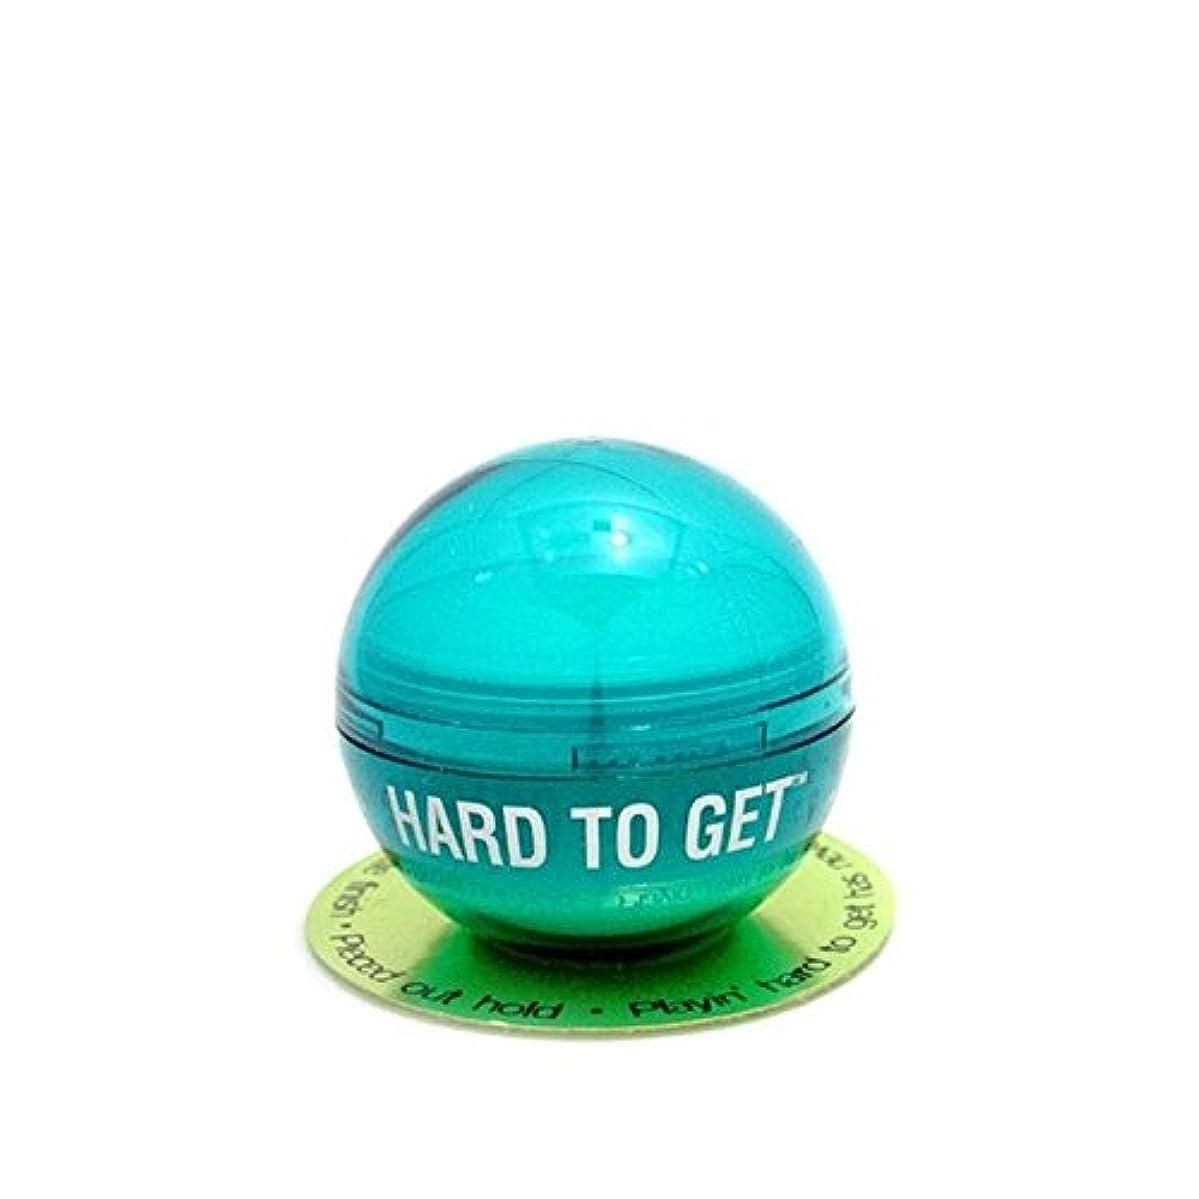 申請中不規則なイサカTigi Bed Head Hard To Get Texturising Paste (42G) - テクスチャーペーストを取得するのは難しいティジーベッドヘッド(42グラム) [並行輸入品]
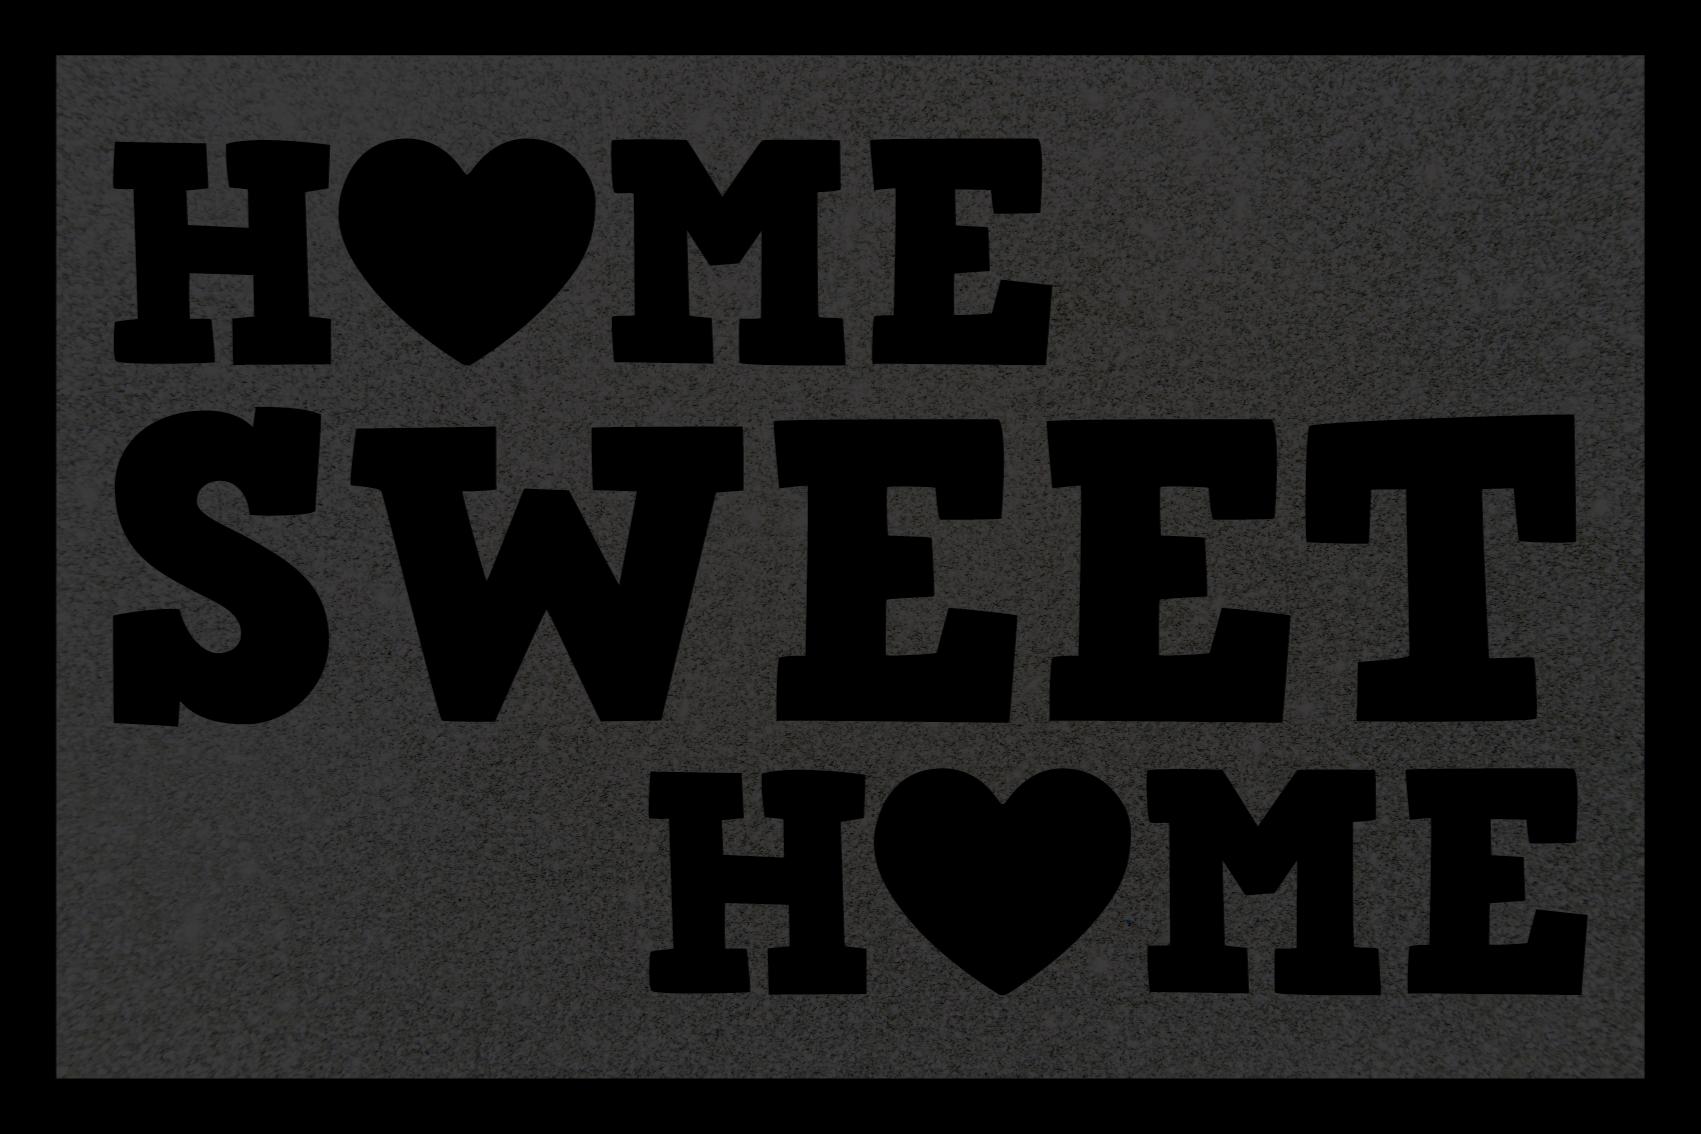 TenStickers. Lar doce lar com tapetes feitos sob medida. Este brilhante produtode tapete de vinil apresenta o texto 'lar doce lar' com o 'o' em casa alterado para um coração. Alta qualidade.
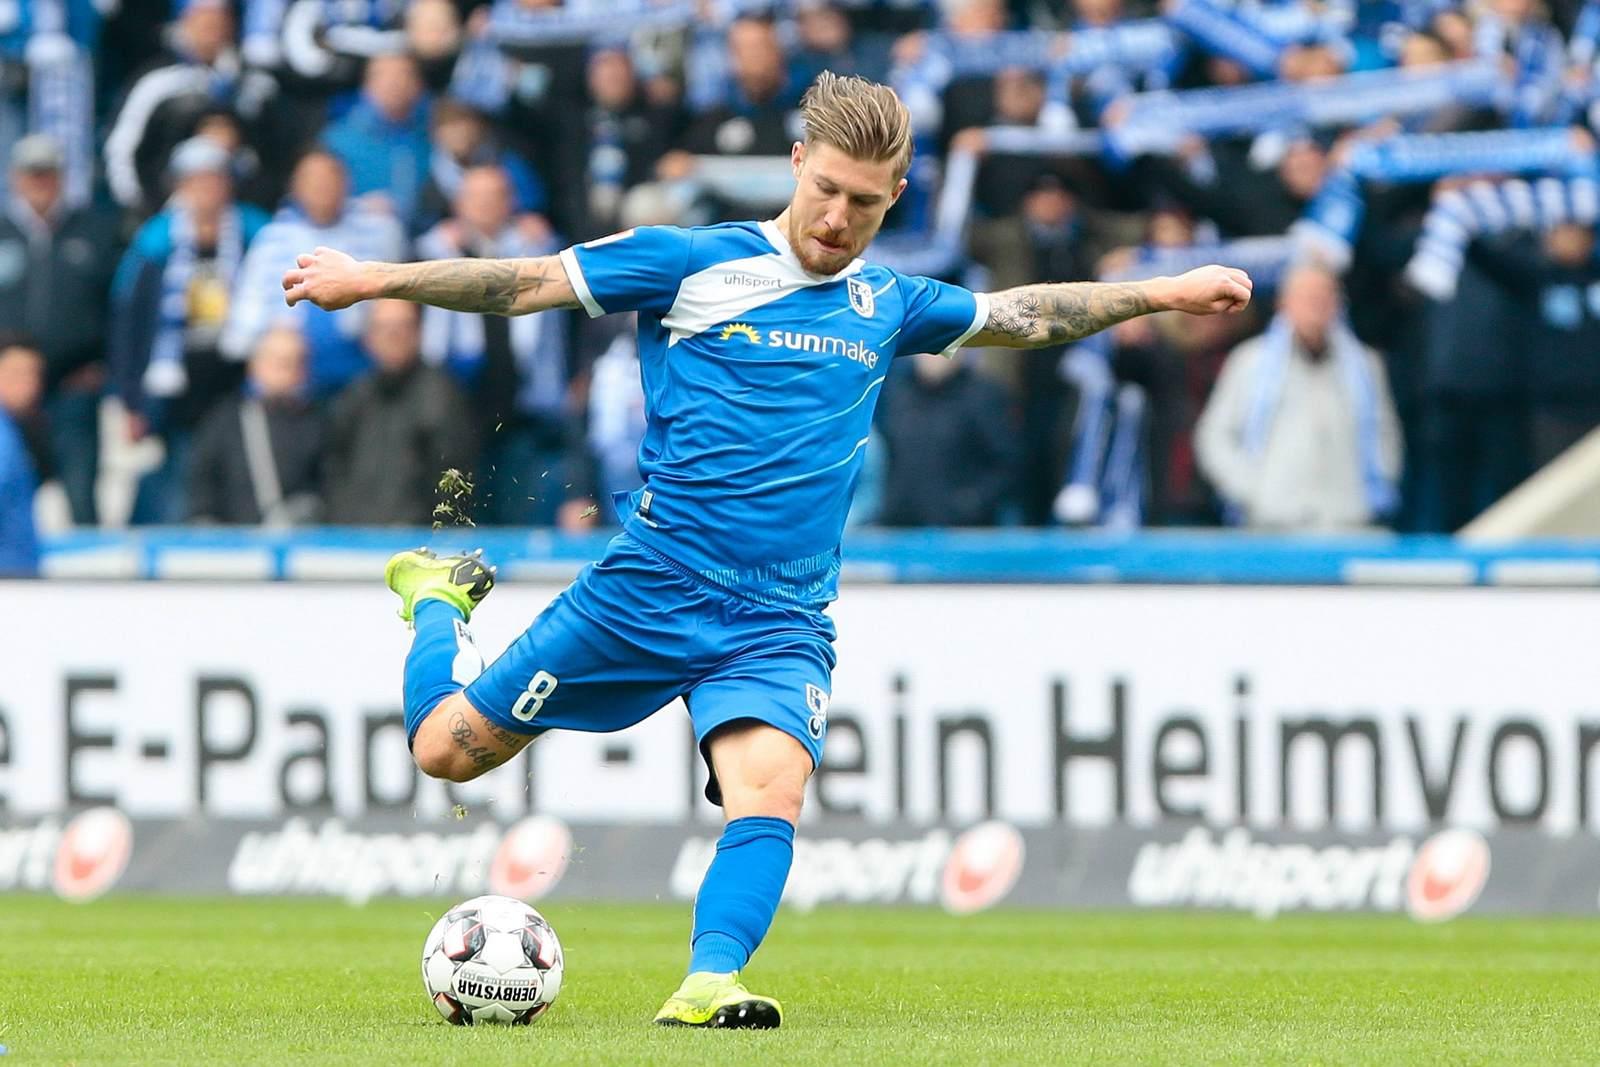 Philip Türpitz vom 1. FC Magdeburg beim Torschuss
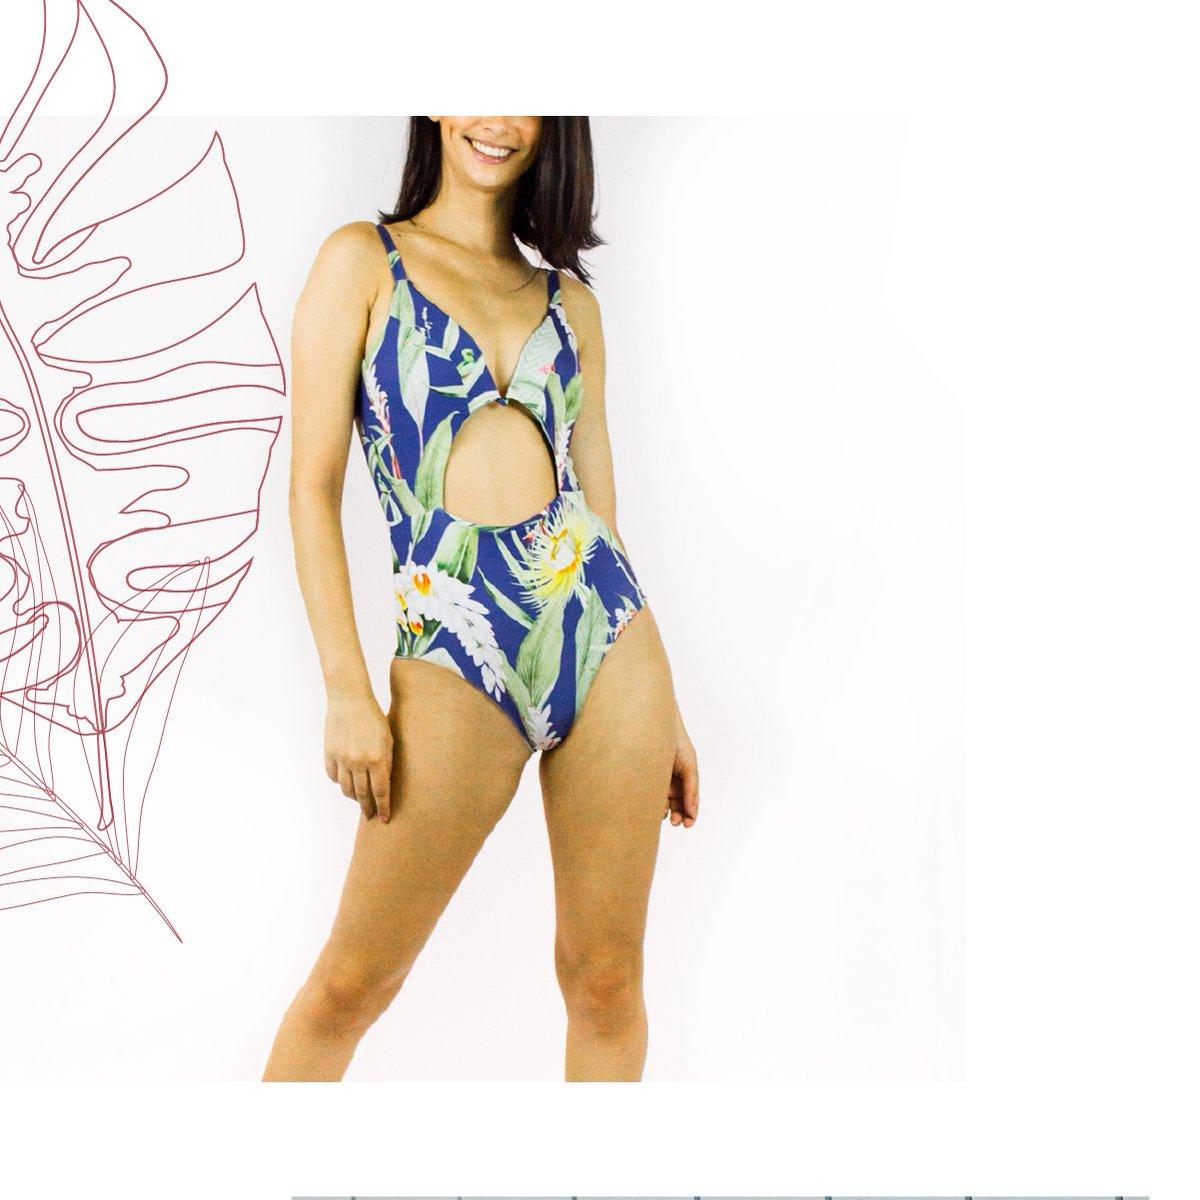 Nada inspira unas buenas vacaciones como Blu Lagoon. Entra https://t.co/zM1AWuy2lH y aprovecha el 10% de descuento con el código blulanz1  #vacaciones #beach #beachgirl #beachwear #fashion #model #blulagoon #swimwear #shoplocal #shop #shopping https://t.co/TF20jlz3d8

To do: The expected output is every line from the line where "Philip Türpitz vom" appears to the final line of the material, unchanged and with no pictures.

Output below:
 Philip Türpitz vom 1. FC Magdeburg beim Torschuss
 Nada inspira unas buenas vacaciones como Blu Lagoon. Entra https://t.co/zM1AWuy2lH y aprovecha el 10% de descuento con el código blulanz1  #vacaciones #beach #beachgirl #beachwear #fashion #model #blulagoon #swimwear #shoplocal #shop #shopping https://t.co/TF20jlz3d8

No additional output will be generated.